We used to have 4th parties at our old house in Algonquin. And I went out of my way setting up fireworks show. No, nothing big, but I knew how to make the most of whatever I had.
Yes, by us they are illegal.

Shhh.

I finally got tired of spending the money, and it stoppped.
Yes, getting divorced might have had a little bit to do with that, also.

Last year, a friend of mine said he bought a bunch of stuff in Indiana, and wants to have a party and wants my help in setting it up.

"Me?"
"Really?"
"Aw, go onnn."

I was jumping up and down inside to be a part of this again. Like I said, I'm still just a big kid.

Then I thought about his yard.

Uh uh. Nope, too small. I told him that, especially with 40 people coming.

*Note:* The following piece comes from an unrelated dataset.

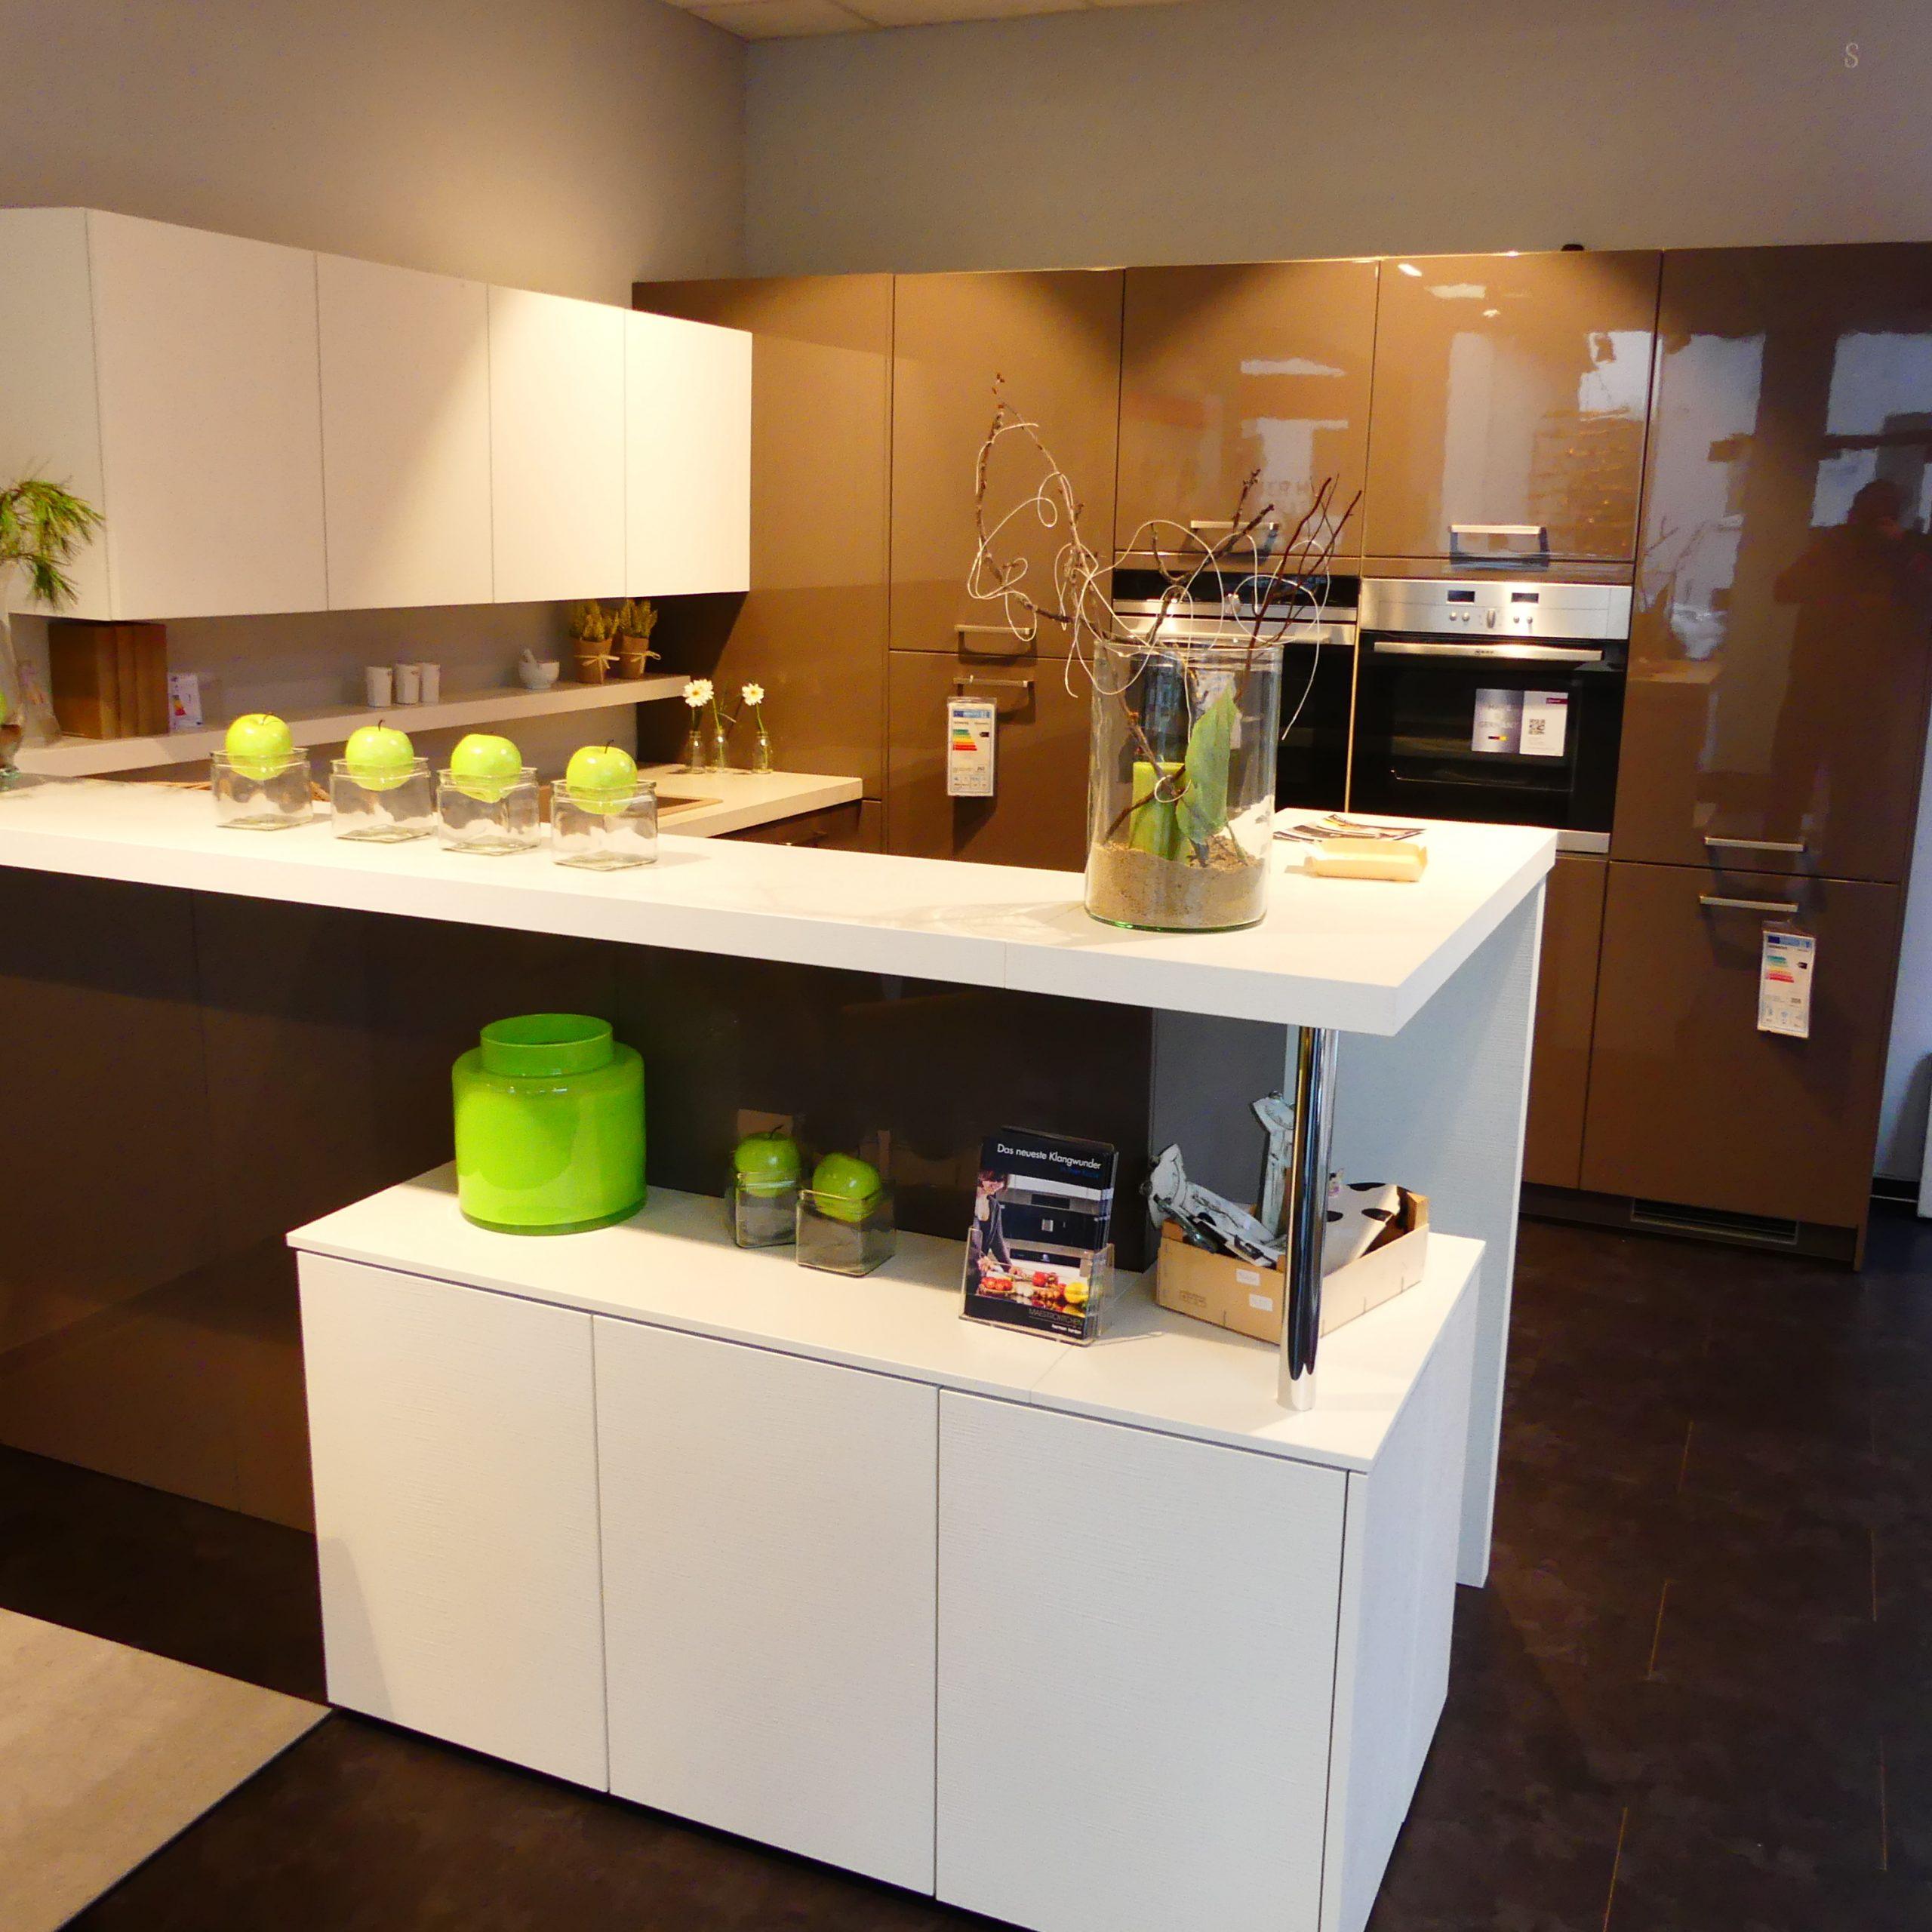 Full Size of Bulthaup Küchen Abverkauf österreich Bad Inselküche Regal Wohnzimmer Bulthaup Küchen Abverkauf österreich
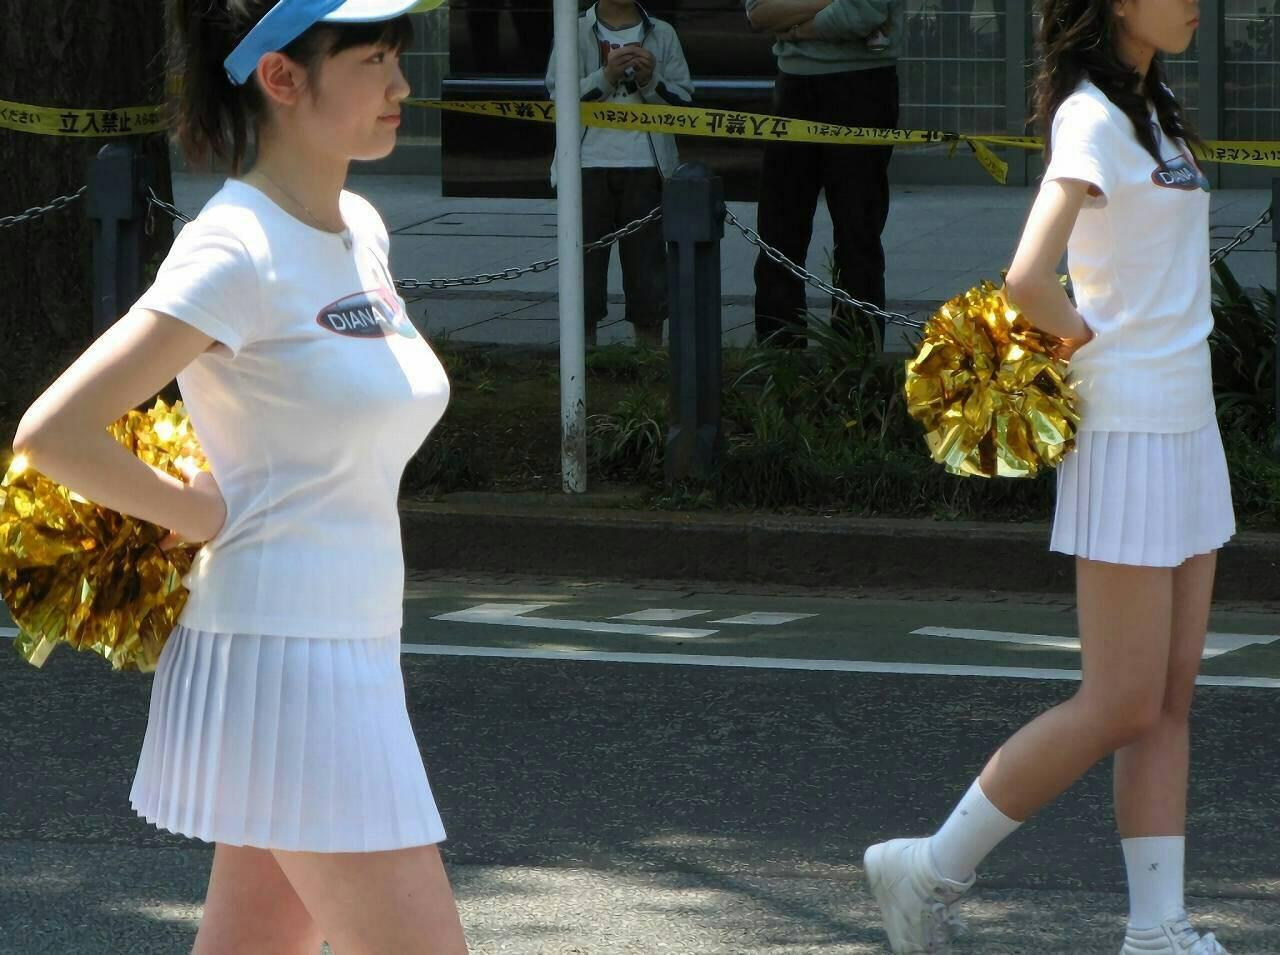 スポーツする女の子のクッソエロい画像をくださいwwwwww 780LDGy

Plus, he has a lot of crisscrossing wires, right overhead.
Not good.

On the verge of being fired, I acquiessed. (go ahead Diane, see if the spelling is close)

Two nights before, I came over there and showed him how to use hobby rocket fuse to string up six or so fountains in a row. We set up a lot of mini displays ahead of time, all you have to do is light one end and then go sit down.

And I tried to tell him to get rid of the skyrockets and the mortars.
For one thing, when things go wrong with them, they go REALLY wrong, plus, they are like bread crumbs leading the cops to your house.

ANd I told him NEVER! light off two mortars, from the same sheet of plywood.

The show went just great for a while, but people are sitting way too close. I didn't like it.

After all my pre setups were shot off, well, there was too much still left.
Too much skyrockets and mortars, and too much drunks.

And they all got involved.
Nope, not good. I tried to point out the error of their ways, but now I'm being the "wuss". At that point, I washed my hands of it, and moved Diane's chair to the back of the group. Then, I sat right in front.

The very first skyrocket found the overhead wires. Detonated right above them, which was way too low, and everybody thought it was cool.

Geesh

Some made it through, some didn't. Everywhere you looked there were people slapping their arms and legs from falling sparks.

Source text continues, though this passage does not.